The fight for water rights is headed to court after the U.S. Forest Service added a new clause to ski-area permit applications, requiring them to transfer ownership of some water rights to the United States.
The National Ski Areas Association filed a lawsuit against the Forest Service and the U.S. Department of Agriculture on Jan. 10 challenging the new clause, which they say amounts to an “unconstitutional taking of property.”
“We greatly value our longstanding and successful partnership with the United States Forest Service,” said NSAA President Michael Berry. “… But water rights are simply too critical and valuable to our operations not to defend ourselves against this outright taking of private property by the U.S. government.”
The USFS said the purpose of the new clause was to protect ski area operations for the long term. By attaching the water rights to the United States, they are attached to the public lands and could not be parted out or sold off, assuring future buyers that the water would be there.
The nine-page clause, called Clause D-30, went into effect Nov. 8 last year. Three ski areas, whose permits had expired, were forced to sign the document in order to renew their permits for the 2011-12 season: Alpine Meadows in California; Stevens Pass in Washington; and Powderhorn, near Grand Junction.
Any ski area or resort whose permits expire next season could find themselves in the same situation.
In the document, the Forest Service requires ski areas and resorts to transfer ownership of several types of water rights, including rights that have been purchased by the ski areas, to the United States. It even gives the Forest Service power of attorney in certain circumstances.
Also any resort or ski area requesting a permit must also agree to waive any claim to compensation for the water rights, for costs connected with dividing or transferring the water rights, or for costs related to the operation and maintenance of facilities.
“These are valuable private property rights which the Forest Service now wants for free,” said Glenn Porzak, an attorney for the Boulder-based firm Porzak Browning & Bushong, during testimony before Congress late last year.
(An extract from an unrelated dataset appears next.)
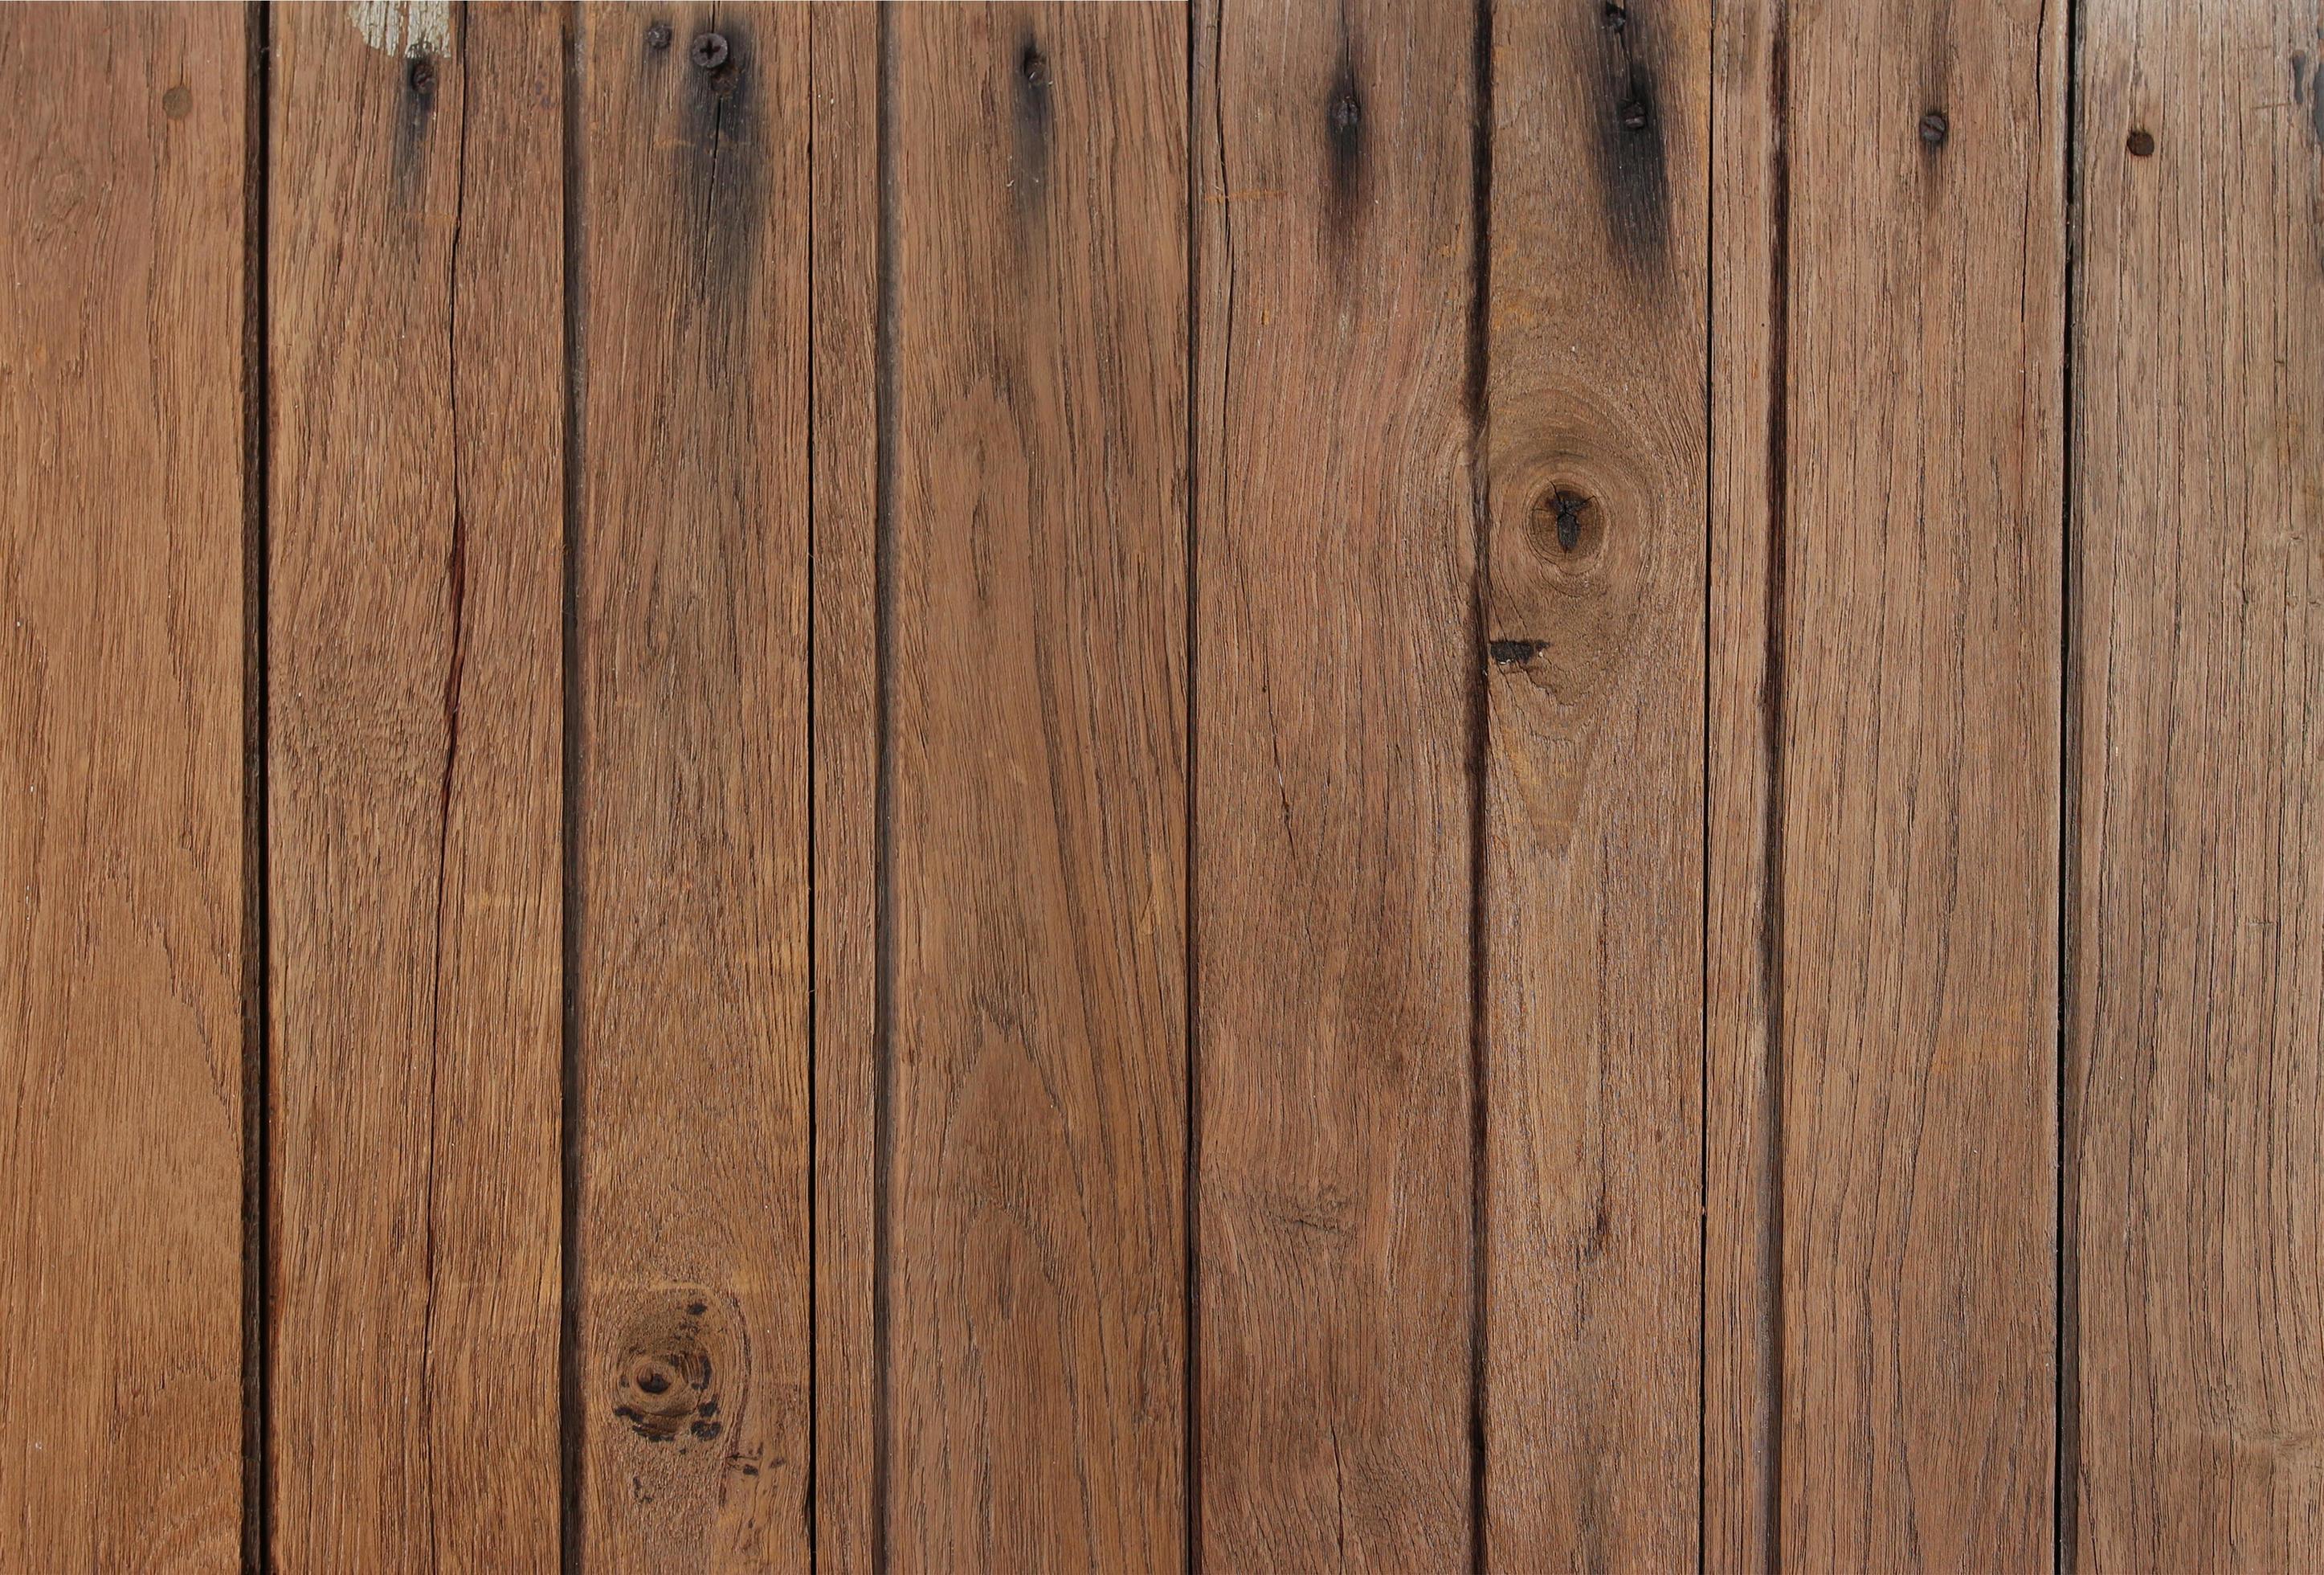 Mẫu gỗ vân gỗ thô là một lựa chọn hoàn hảo cho những người đam mê sự tinh tế và độc đáo. Với đường nét gỗ tự nhiên và màu sắc đa dạng, nó sẽ mang đến những cảm xúc rất đặc biệt và khác biệt cho căn phòng của bạn. Xem bức hình liên quan và cảm nhận những điều tuyệt vời nhất.
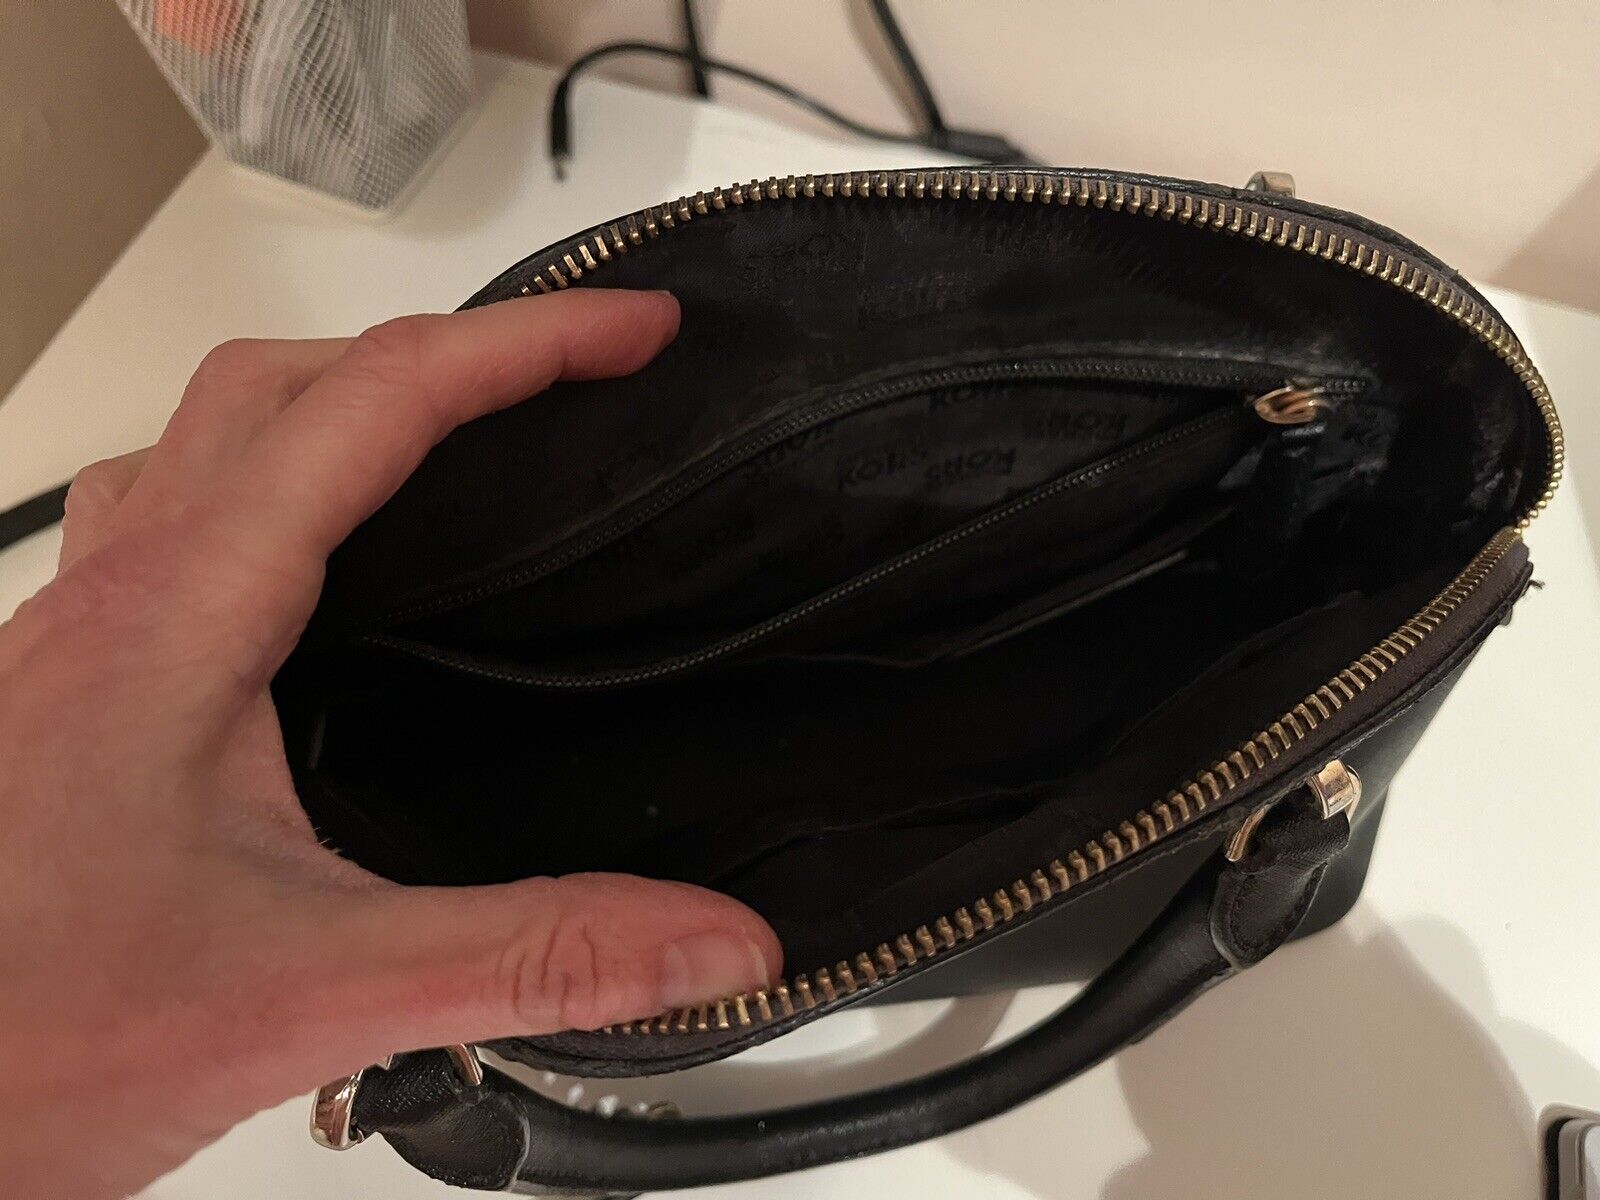 used michael kors leather handbags | eBay

In his testimony before the House of Representatives Natural Resources Subcommittee, Porzak laid out the ski industry’s concerns with the new clause, and commented on possible litigation if the Forest Service was unwilling to continue negotiations.
Porzak said the USFS claim to ownership of the water rights is no different than if it claimed ownership of the gondolas, chairlifts, snowcats, snowmobiles or any other property the resorts and ski areas own and need to run their businesses.
He added that this issue extends beyond ski areas, and could impact any business or entity that has water rights associated with Forest Service lands including cities, counties, marinas, summer resorts, ranchers, and mining or utility companies.
“All water rights owners, not just ski areas, should be concerned about this precedent,” said Porzak, whose firm has also represented Durango Mountain Resort on water supply projects.
Porzak, along with other federal and state officials, asked the USFS to delay implementation of the clause, reconsider its language and possibly start over.
Colorado Gov. John Hickenlooper and Sens. Mark Udall, D-Colo., and Michael Bennet, D-Colo., joined Reps. Scott Tipton, R-Colo., and Jared Polis, D-Colo., as well as several politicians form other states joined the NSAA asking the Forest Service to take another look at the controversial clause.
However, the Forest Service refused, forcing the NSAA to file the suit in federal court, requesting a judicial review and injunction.
The lawsuit requests an injunction to set aside the directive on the grounds it is “arbitrary, capricious, in excess of the Forest Service’s statutory authority, compels an uncompensated taking of private property, and was adopted without public notice or an opportunity to comment.”
The USFS has been issuing ski-area permits under a 2004 regulation. Porzak stated in his testimony that these regulations have been working for both parties involved, and the new clause does not add any additional protections to Forest Service lands. He sees no reason for the change.
“Ski areas have been excellent stewards of these resources and are in the best position to protect these water rights,” Porzak said. “They have the expertise, staffing and resources necessary to maintain them.”
Ninety percent of skiers and snowboarders across the nation visit NSAA members every year. Out of the 321 members of the nonprofit trade association for ski area owners and operators, 121 operate on Forest Service lands and 21 operate on Forest Service lands in Colorado.
Durango Mountain Resort is one of those resorts.
Sitting in the San Juan National Forest, DMR has often negotiated with the USFS concerning not just ski-area permits, but also land use regulations and development projects.
“Water and water rights are critical to ski area operations,” said Kim Oyler, director of communications at DMR. “That’s why the industry is supporting NSAA’s efforts to get this issue resolved.”